Best interests must be centred on the person's needs not those of the family

04 April 2024
Volume 33 · Issue 7

Abstract

Richard Griffith, Senior Lecturer in Health Law at Swansea University, discusses the importance of not allowing unreasonable family demands for care influence the determination of best interests for a person who lacks capacity

The best interest approach was initially developed by the courts from cases concerning people who lacked mental capacity, which were brought before them for decisions on care and treatment (F v West Berkshire HA [1990]).

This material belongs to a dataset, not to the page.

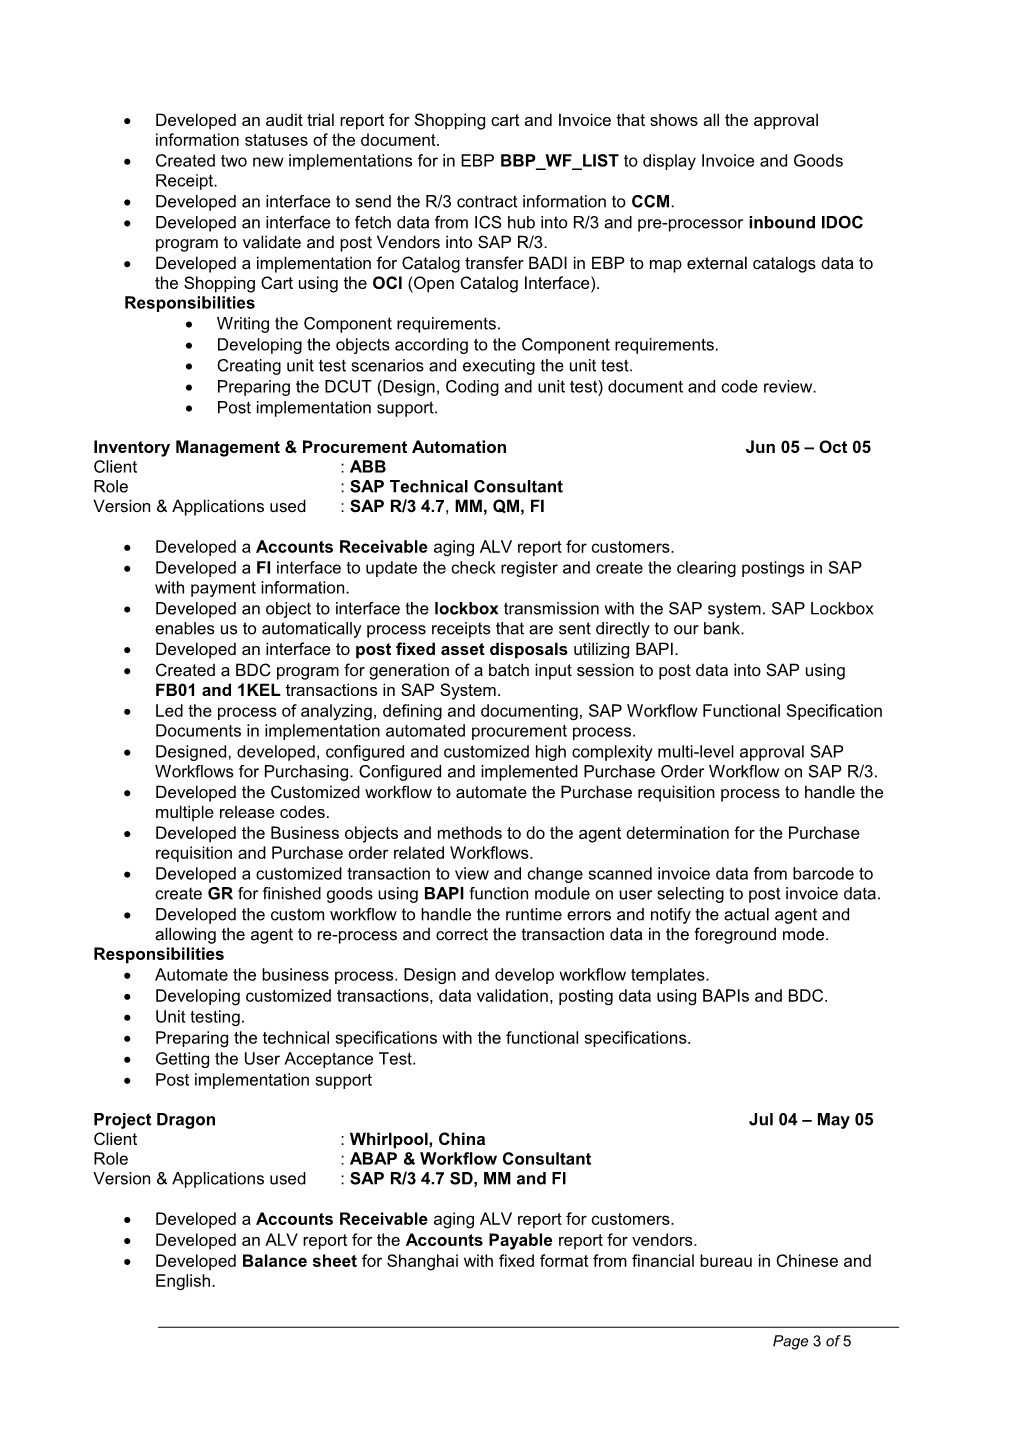 Sample Employee Resume

The focus of the courts under this common-law approach was generally limited to the clinical needs of the patient, and nurses determining a patient's best interests were required only to consider the benefits of the proposed treatment against the risks and burden of the treatment.

In what is now the balance-sheet approach to best interests, if the benefits of treatment clearly outweighed the risks and burdens, then it was in the person's best interests to receive that treatment (Re A (Medical Treatment: Male Sterilisation) [2000]).

The concerns of the courts resulted in the introduction of the Mental Capacity Act 2005, which includes the following aims:

  • To promote autonomy by setting out in legislation that a person aged 16 years and over has the legal right to make their own decisions where they have the mental capacity to do so
  • To protect people who lack the mental capacity to make a particular decision by requiring that any act or decision made on that person's behalf is made in their best interests.

Under the Mental Capacity Act, the determination of a best interest is based on a more holistic approach, which requires nurses to consider the views and values of the person, and to consult with family and carers on their views about the person's best interests (Mental Capacity Act 2005, section 4).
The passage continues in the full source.